My company published a machine learning model in Nature Aging that predicts age from DNA methylation data collected from facial skin. This post covers the engineering side: scaling the training pipeline to handle hundreds of thousands of genomic features and building the ML toolkit that supports it.
The Data#
The input data comes from enzymatic methyl sequencing of DNA extracted from non-invasive skin samples (forehead tape strips). Each sample produces quality-filtered methylation measurements at roughly 500,000 CpG sites, positions in the genome where a cytosine is followed by a guanine, with beta values ranging from 0 to 100 representing the proportion of methylated DNA at each position.
The training dataset comprised thousands of samples, each with a known chronological age label. The target is a regression problem: predict a person’s age from their methylation profile.
Half a million features and thousands of samples is a moderately large tabular dataset. It fits in memory on a single machine, but the computational cost of hyperparameter tuning, fitting dozens or hundreds of model configurations with cross-validation, scales with both dimensions.
The Training Problem#
The model uses Elastic Net regression — a linear model that combines L1 (Lasso) and L2 (Ridge) regularisation. This is a well-suited choice for high-dimensional epigenomic data:
- L1 regularisation drives coefficients to exactly zero, performing implicit feature selection. With 500,000 features, most of which carry no age-related signal, sparsity is essential.
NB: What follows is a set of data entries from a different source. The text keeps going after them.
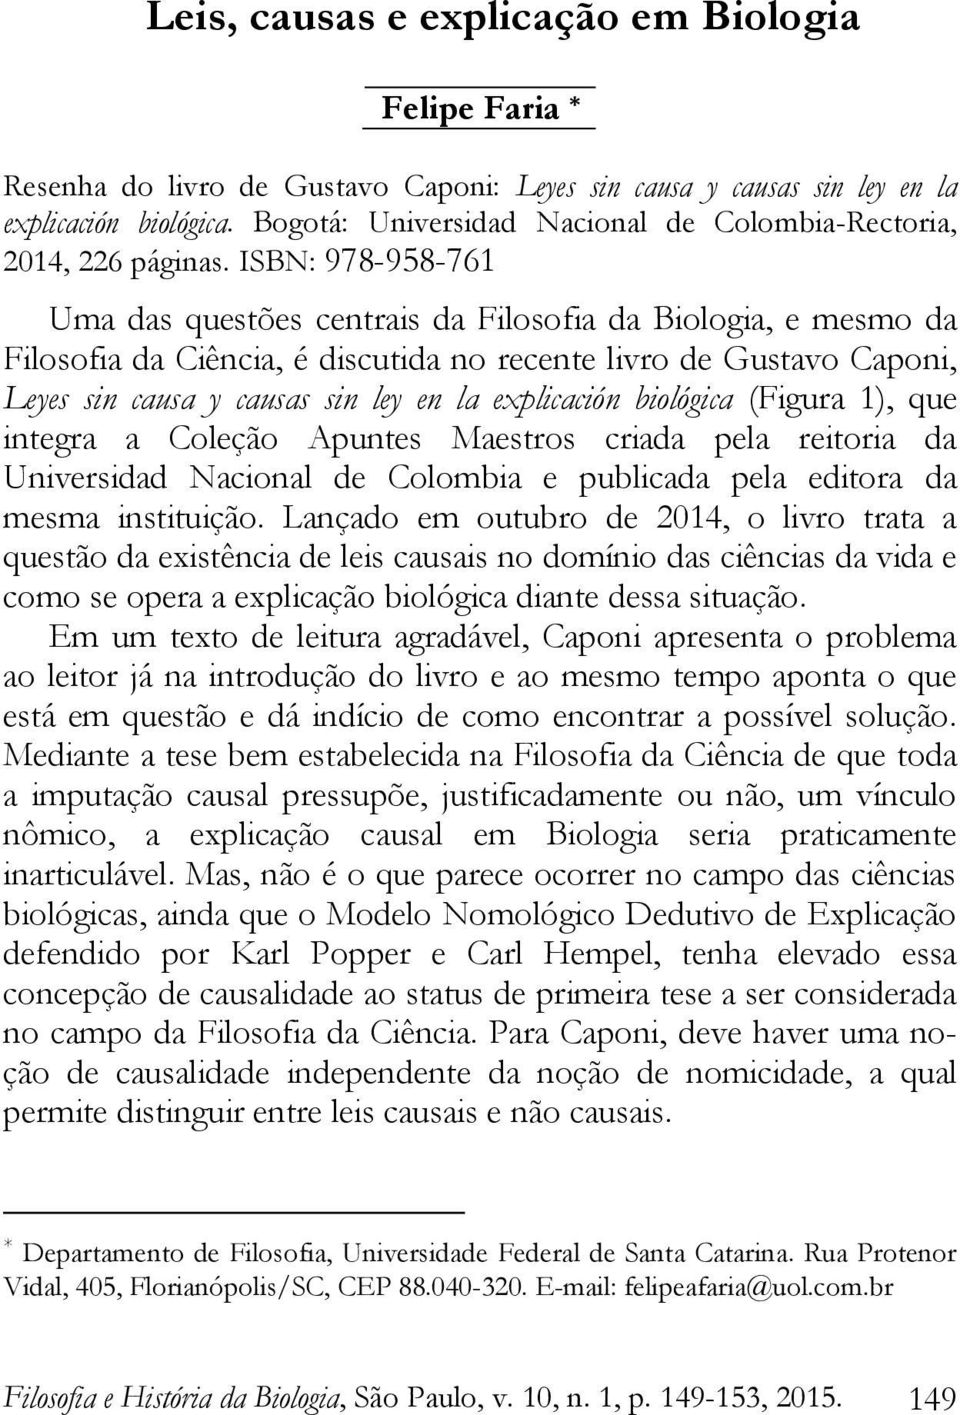 ISBN: 978-958-761 Uma das questões centrais da Filosofia da Biologia, e mesmo da Filosofia da Ciência, é discutida no recente livro de Gustavo Caponi, Leyes sin causa y causas sin ley en la
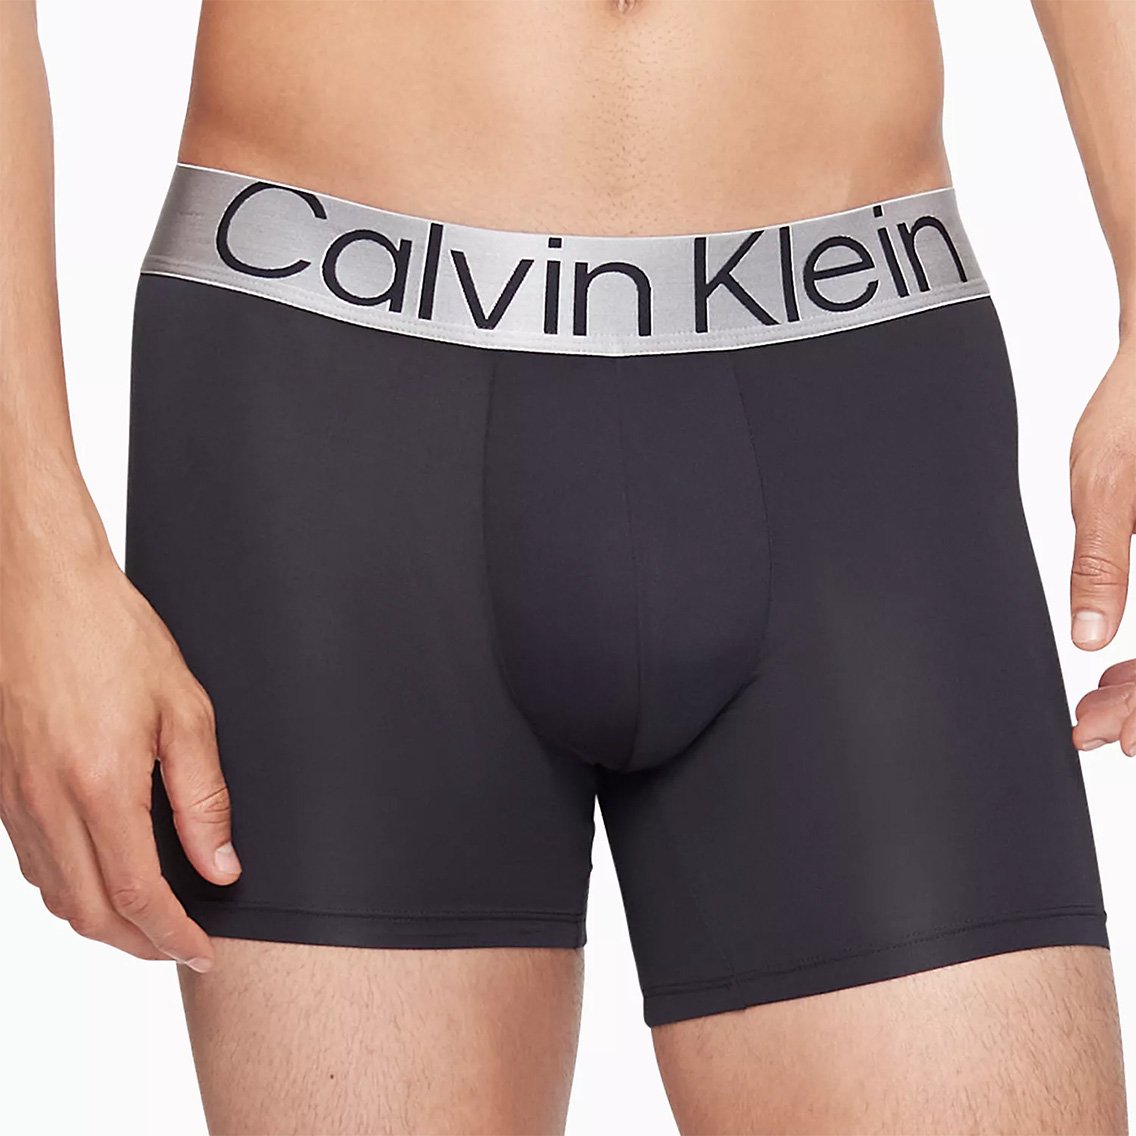 Calvin Klein(カルバンクライン)[NB3075-902]:ボクサーパンツ,男性下着 
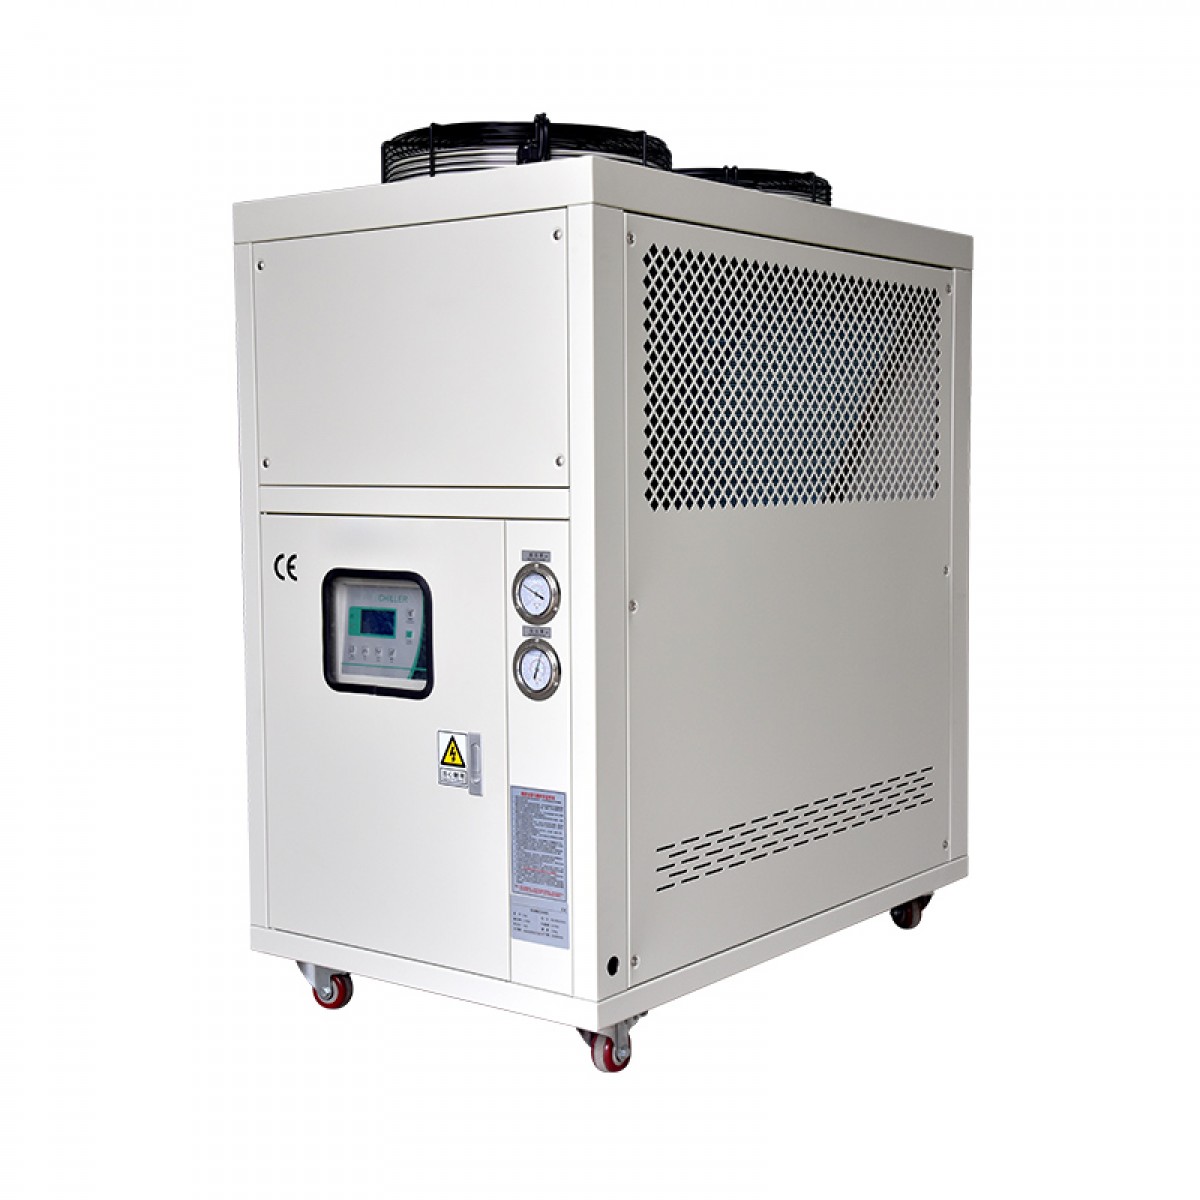 冷水机小型工业注塑模具制冷机高效水循环降温凉水机冰水机

- L2 regularisation handles multicollinearity. Neighbouring CpG sites are often highly correlated, and Ridge-style shrinkage stabilises the coefficient estimates.
- The
l1_ratioparameter controls the balance between the two penalties, and the alpha parameter controls overall regularisation strength. Both need to be tuned.
The initial approach ran GridSearchCV on a single EC2 instance: iterating over a grid of l1_ratio values and 100 alpha values, with 5-fold cross-validation using GroupKFold to prevent data leakage from repeated measurements of the same individual.
This worked, but was slow and expensive. A single grid search across the full hyperparameter space took hours on a large instance, and any change to the feature set, preprocessing, or cross-validation strategy meant re-running the entire search.
Parallelising on SageMaker#
The fix was to decompose the grid search into independent jobs and run them in parallel on SageMaker.
Each combination of hyperparameters is an independent fitting problem. There are no dependencies between grid points. This makes hyperparameter tuning embarrassingly parallel. Instead of running a single GridSearchCV on one large instance, the training scripts were modified to:
- Partition the hyperparameter grid into individual configurations
- Submit each configuration as a separate SageMaker training job on a smaller, cheaper instance
- Collect results across all jobs and select the best-performing configuration
SageMaker handles the instance provisioning, container management, and job scheduling. The training code itself didn’t change. It’s still scikit-learn’s ElasticNet and GridSearchCV under the hood, but the outer loop that iterates over hyperparameter configurations was lifted from a single-machine for loop to a distributed submission layer.
The result was a 100x speedup in hyperparameter tuning time. What previously took hours on a single large instance now completed in minutes across many smaller ones, at lower total cost because the instances run only for the duration of each individual fit.
Key Takeaways#
- Parallel problems should be treated as such. Hyperparameter tuning has no inter-job dependencies. Lifting the outer loop from a single machine to a managed compute service (SageMaker) gave a 100x speedup with minimal code changes.